I'll start. Some of the issues I have with the question as it stands are:

  • it seems to be perceived a measure of our testing
  • such a number would say nothing about the value of the testing done
  • the definition of a test case is moot
  • ... and, whatever they are, test cases are only a part of our testing
  • there's an implicit assumption that more automation is better
  • ... but automation comes with its own risks
  • ... and, whatever automation means, automated test cases are only a part of our test automation

If I look at how we test, and what we might call test cases, I can think of three ways I could answer your question right now:

  1. We don't have test cases in the sense I think the question intends. All of our ongoing testing is exploratory and, while we might document the results of the testing with automation, there is no sense in which a manual or scripted test case existed and was then automated. We score 0%.
  2. For the purposes of this exercise, I would be prepared to describe each assertion in our regression test suites a test case. As they would be our only test cases, all of them are automated. 100%!
  3. OK, we do have some items in a test case management system. These are historical release-time checks that (mostly) people outside the test team run through before we ship. I like to think of them more as checklists or jumping off points, but I'm realistic and know that some of my colleagues simply want to follow steps. Relative to the number of "automated test cases" there are few of them but if we include them in our calculation we'd bring the score down to, say, 99%.

Those answers don't seem very satisfactory to either of us do they? 

To me, at very best, this kind of metric covers a small slice of what we do and the assumptions underlying it are very questionable. To you, the metric matters less than some plausible number representing how well the testing is going to include in that monster Powerpoint deck.

I have some thoughts on that too:

  • testing, for me, is knowledge work and so notoriously hard to measure in simple numbers
  • testing does not exist in isolation from other product development activities
  • good testing can be done without the creation of artefacts such as test cases
  • metrics imposed without conversation and justification are likely to be viewed with suspicion
  • metrics are likely to be gamed when (perceived to be) used as a target, or to judge
  • starting with a list of artifacts (test cases, bug tickets, etc) is cart-before-horse
  • ... it's much better to ask first what you want to measure and why

So, for example, is the desire to measure customer satisfaction with the product? Is it to measure the testing contribution to that? Is it to see where time is being spent on certain kinds of activities that the business wants to stop? Is it to look for bottlenecks? Or something else?

If we do agree some kind of metrics, how can we reassure testers that they are not being judged, and that they should not pervert their working practices just to make the numbers look good?

We'll need something more than glib words.  Imagine you were told your performance would be judged on how many emails you sent. How would you react? Would you scoff at it but send more emails anyway? Would you send emails instead of having conversations? Would you care about the potential detrimental effects to you, others, the business?

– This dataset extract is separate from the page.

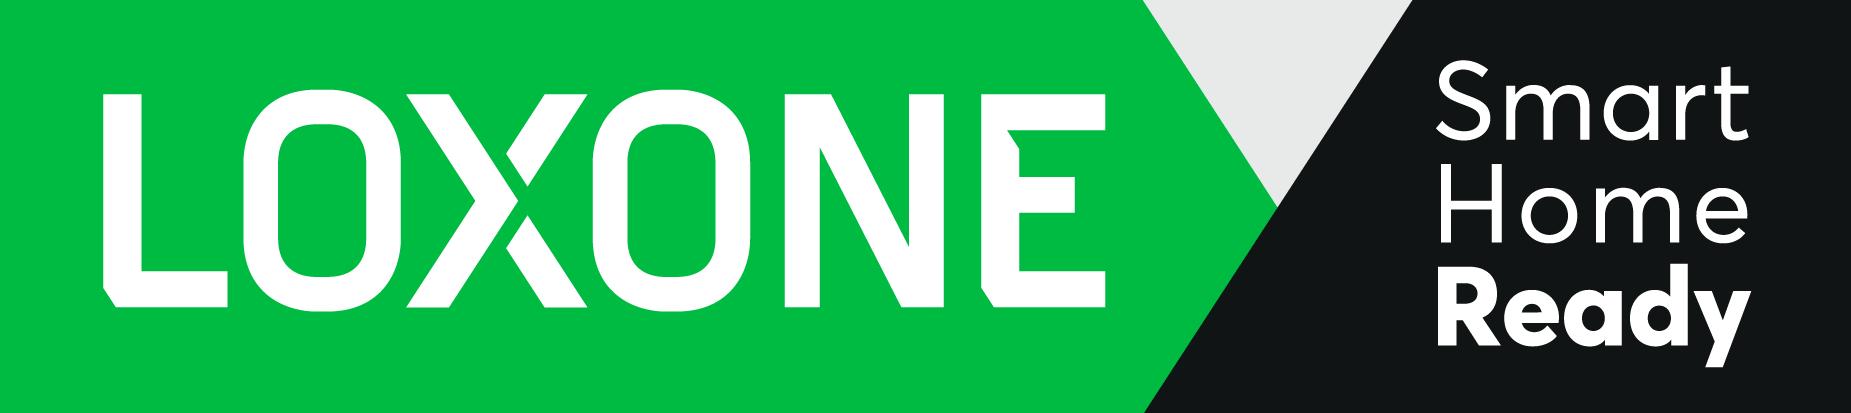 označení Loxone smart home ready 100% kompabilita
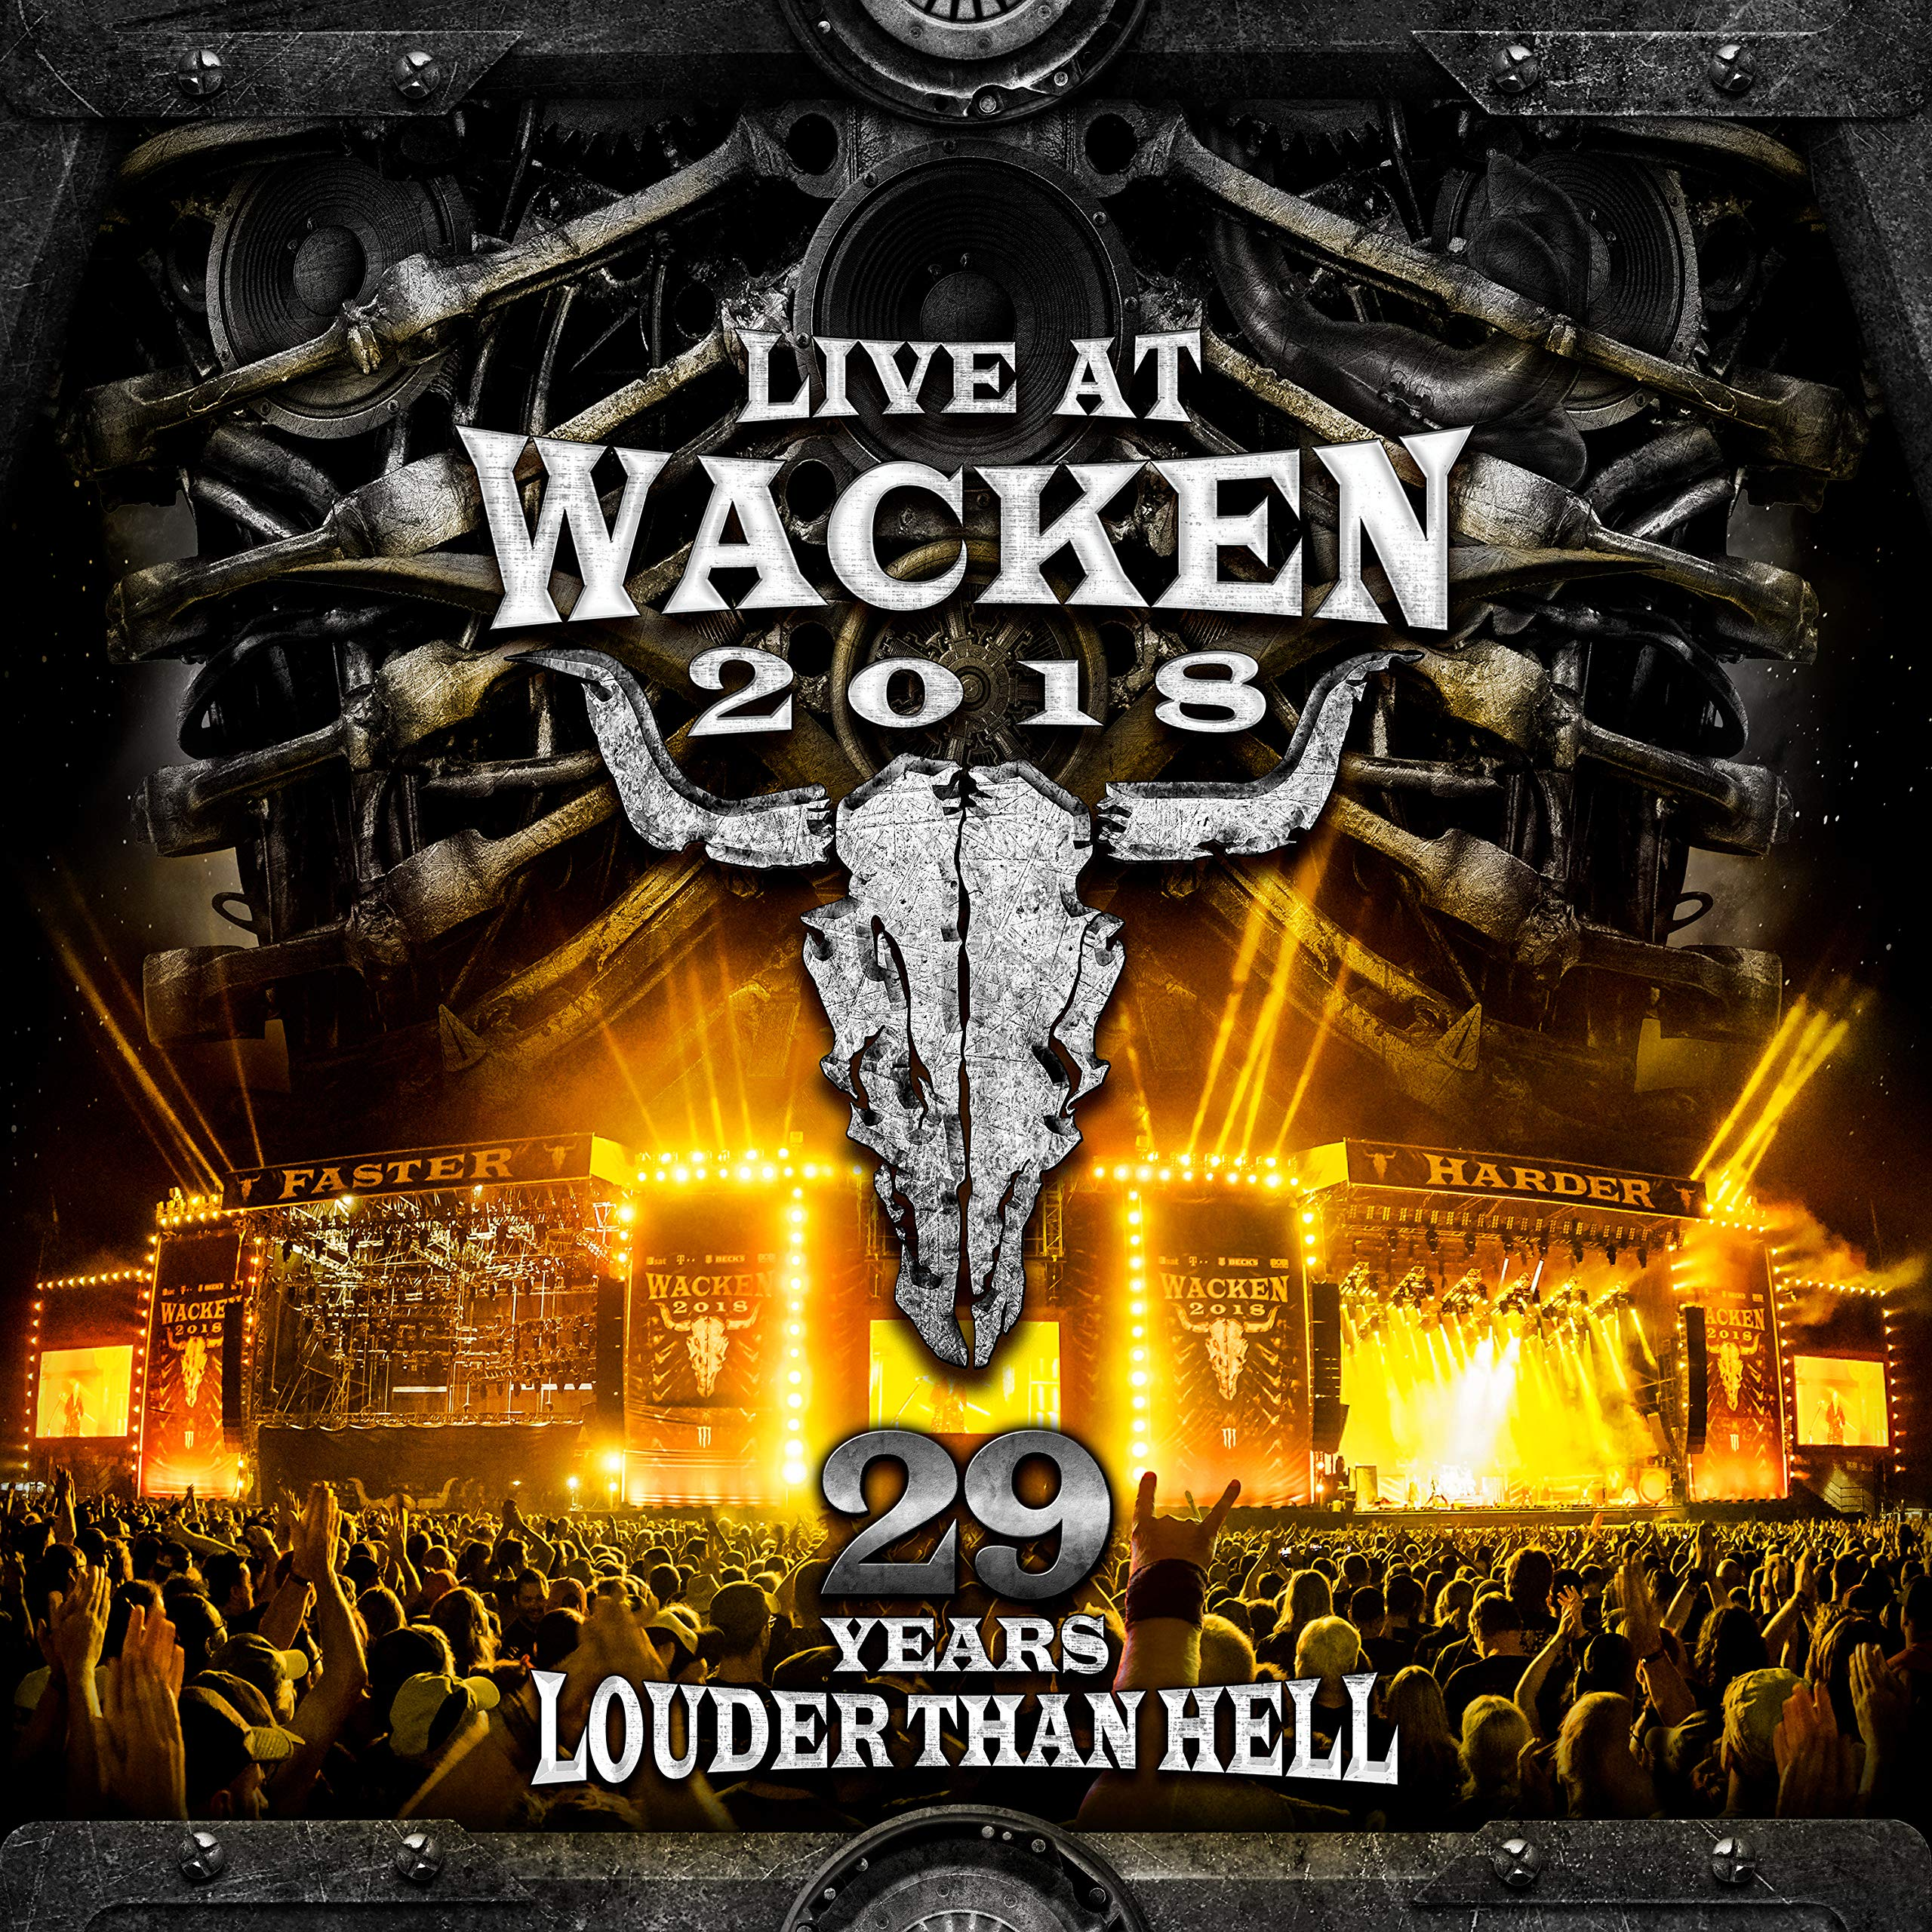 VA – Live At Wacken 2018 29 Years Louder Than Hell (2019) [FLAC]

How could someone convince you to behave differently?

Finally, is there a real desire from you to look into sensible metrics with good intent and to act on the findings?

If so, then I will do all that I can to assist in getting something that is justifiable, that has explicit caveats, that is equitable, that is transparent, that acknowledges the messiness involved in its collection, that can be derived efficiently from data that we have, that sits within agreed error margins, and that reflects the work we're doing.

If not, then I'll ask you what kind of number will pass the cursory level of inspection that we both know it will receive, and I'll simply give you that: let's say 69.3%, OK?